The Saudi operation came hours after the group carried out its threat to behead US hostage Paul Johnson on Friday.
Traumatised residents of Falluja seemed too busy counting their dead to follow the winners and losers in the war on Zarqawi and other Muslim militant leaders bent on driving the United States out of the Middle East.
They said two missiles had been fired at the house by a US plane yesterday morning, flattening the building. Kimmitt said the US strike had caused secondary blasts as ammunition inside the house exploded.
"An American plane hit this house and three others were damaged. Only body parts are left," a witness said, as rescuers dug through the rubble of the shattered house for survivors.
"They brought us 22 corpses, children, women and youth," Ahmed Hassan, a cemetery worker, said after the blast.
Washington says the Jordanian-born Zarqawi has been the mastermind behind a series of bloody suicide attacks in Iraq that have sowed chaos and claimed hundreds of lives. It says he was also the man shown beheading US hostage Nicholas Berg in a grisly video posted on the Internet last month.
Zarqawi's group claimed responsibility for the assassination of Iraq's Governing Council leader, Izzedin Salim, on May 17. The most recent attack claimed by the group was last Monday's suicide car bombing in Baghdad that killed 13 people.
US commanders say pacifying Falluja, one of Iraq's most rebellious cities, is crucial for stability ahead of the formal handover of sovereignty.
Hundreds of Iraqis were killed in the city in April in fighting between US Marines and guerrillas, sparking outrage in Iraq. The US military agreed a truce and handed responsibility for security to an Iraqi force that includes many former officers in Saddam Hussein's armed forces.
Last month, Marines killed around 40 Iraqis in an attack on a house in the western desert near the Syrian border. The US military said the house was a staging point for foreign fighters but survivors said a wedding party had been massacred.
Guerillas bent on disrupting this month's handover of sovereignty brought Iraq's crucial oil exports to a halt this week with attacks on two key southern pipelines.
Yesterday, a roadside bomb targeted foreign workers on a road southwest of Basra, flipping over their four-wheel-drive vehicle. Police said a Portuguese civilian and an Iraqi policeman were killed. An Indian and an Iraqi were wounded.
In Lisbon, a foreign ministry official identified the dead Portuguese as 36-year-old Antonio Jose Monteiro Abelha and said he worked for a telecoms company, Lusa news agency reported.
Iraq has been unable to export any oil since the sabotage attacks earlier this week.
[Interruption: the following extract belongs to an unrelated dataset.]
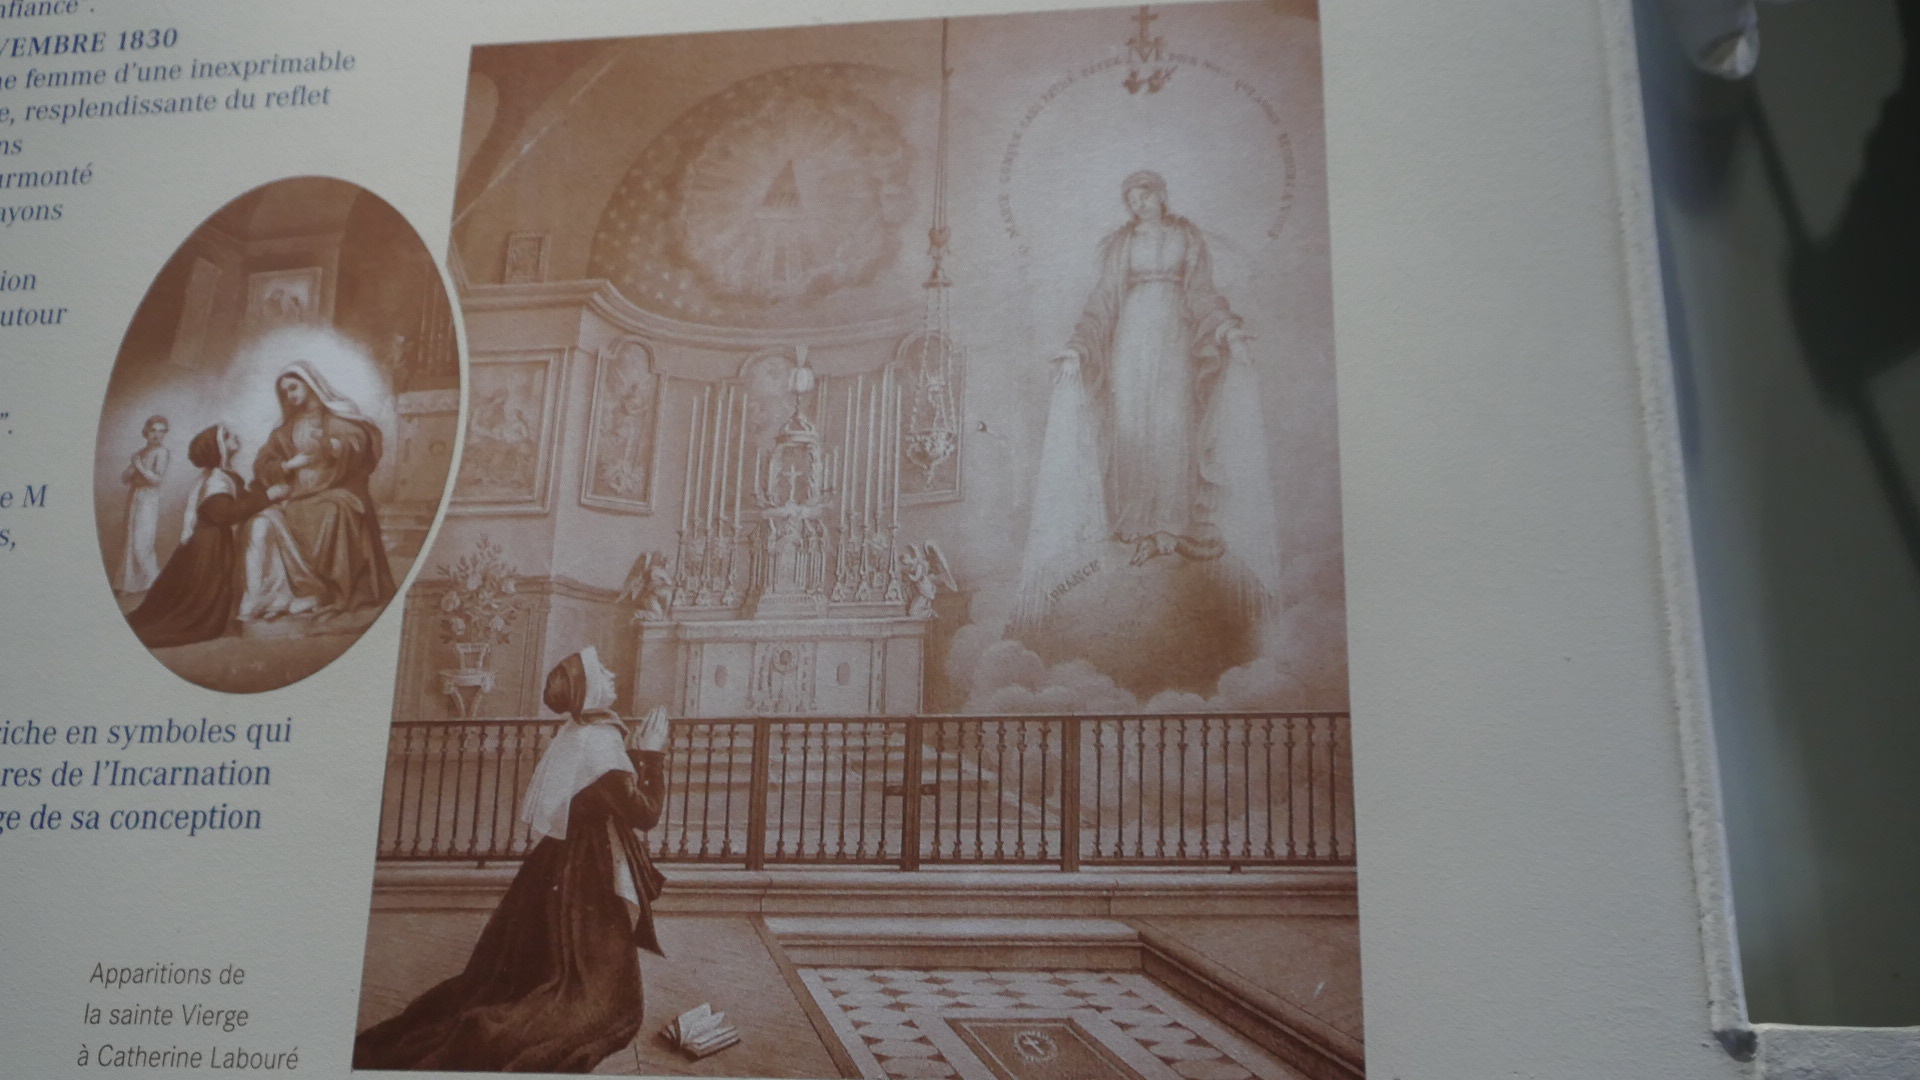 Poster at Rue du Bac where the Virgin Mary appeared to Catherine LaBouré

Anti-US insurgents have mounted what appear to be concerted attacks on the oil industry, nascent Iraqi security forces and government officials in the run-up to June 30.
The US military reported the deaths of two more American soldiers, bringing to 614 the total killed in action since last year's invasion of Iraq to topple Saddam Hussein.
One soldier died of wounds after an ambush near Baquba, northeast of Baghdad, on Friday. Another was killed at a US base in the capital by a mortar attack that also wounded a foreign contractor working for Kellogg Brown & Root.
On Thursday, a suicide car bomber killed 35 people at an Iraqi army recruiting centre in Baghdad and a car bomb killed six members of the civil defence corps in Balad, to the north.